Further, the vehicle supervision system 900 may be assumed as a system that includes the vehicle supervision device 100, the autonomous driving vehicle 20 and the manual driving vehicle 30. The vehicle supervision system 900 is a system for preventing the congestion situation from being deteriorated due to intrusion of the autonomous driving vehicle into the congested area. In FIG. 1, the configuration of each of the devices is roughly shown so that only its parts to be mentioned here are illustrated.

The vehicle supervision device 100 communicates with the autonomous driving control device 200, the auxiliary driving control device 300 and the roadside monitoring device 400 in a region subject to supervision, to thereby collect obstacle information related to obstacles on a road. The obstacle information is generated by an obstacle detection unit 203 included in the autonomous driving control device 200, an obstacle detection unit 303 included in the auxiliary driving control device 300 and an obstacle detection unit 403 included in the roadside monitoring device 400. Then, the obstacle information is transmitted to a communication unit 101 included in the vehicle supervision device 100, by an in-vehicle communication unit 201 included in the autonomous driving control device 200, an in-vehicle communication unit 301 included in the auxiliary driving control device 300 and a roadside communication unit 401 included in the roadside monitoring device 400.

From the obstacle information collected through the communication unit 101, the vehicle supervision device 100 individually identifies, using its obstacle identification unit 103, the autonomous driving vehicles and obstacles other than these vehicles.

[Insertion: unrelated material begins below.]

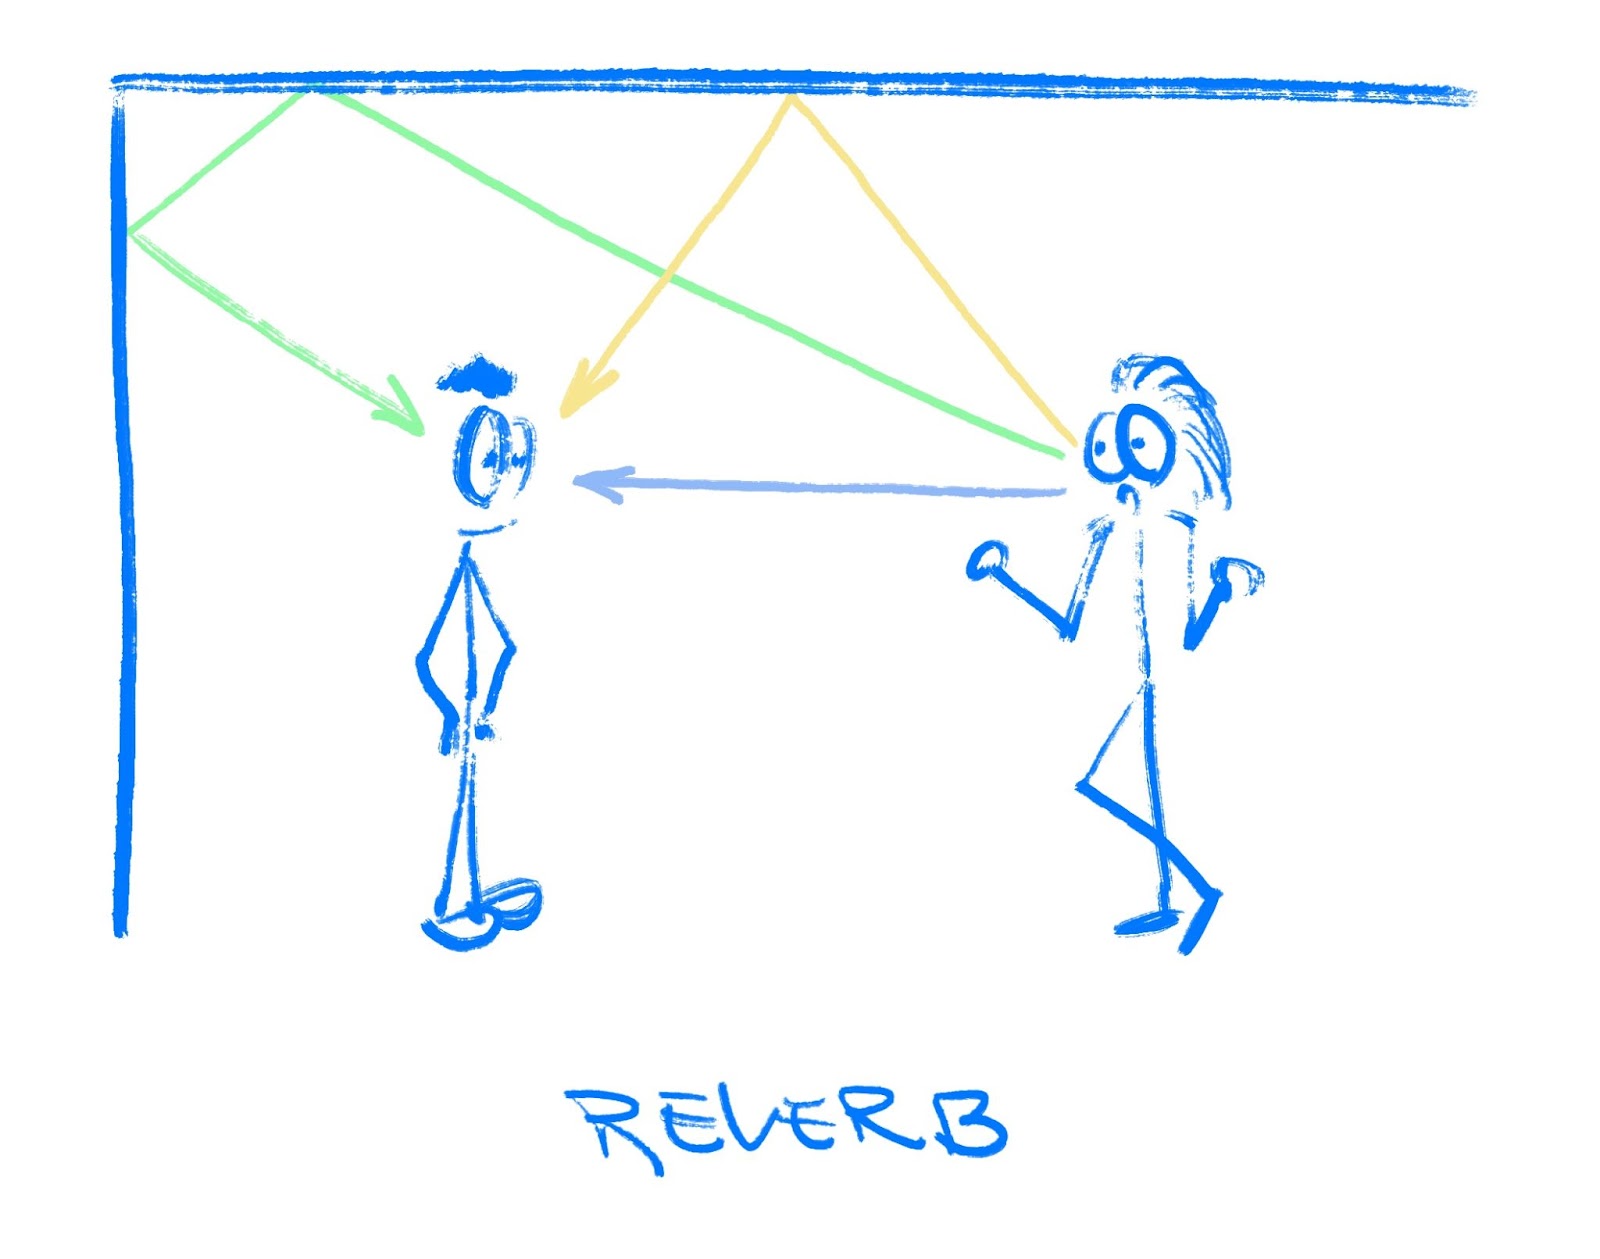 An illustration of two people talking in a room. The sound waves go not only from one person to the other directly, but also bounce off the walls and the ceiling.

Then, on the basis of information identified by the obstacle identification unit 103, a congestion degree evaluation unit 104 evaluates a congestion degree per each area resulting from dividing the region subject to supervision.

A driving instruction unit 110 in the vehicle supervision device 100 determines whether or not there is the autonomous driving vehicle 20 that is going to enter the area evaluated to be congested by the congestion degree evaluation unit. Then, when there is the autonomous driving vehicle 20 that is going to enter such congested area, the driving instruction unit sends to said autonomous driving vehicle 20, an instruction for causing that vehicle to avoid entering said area, through the communication unit 101.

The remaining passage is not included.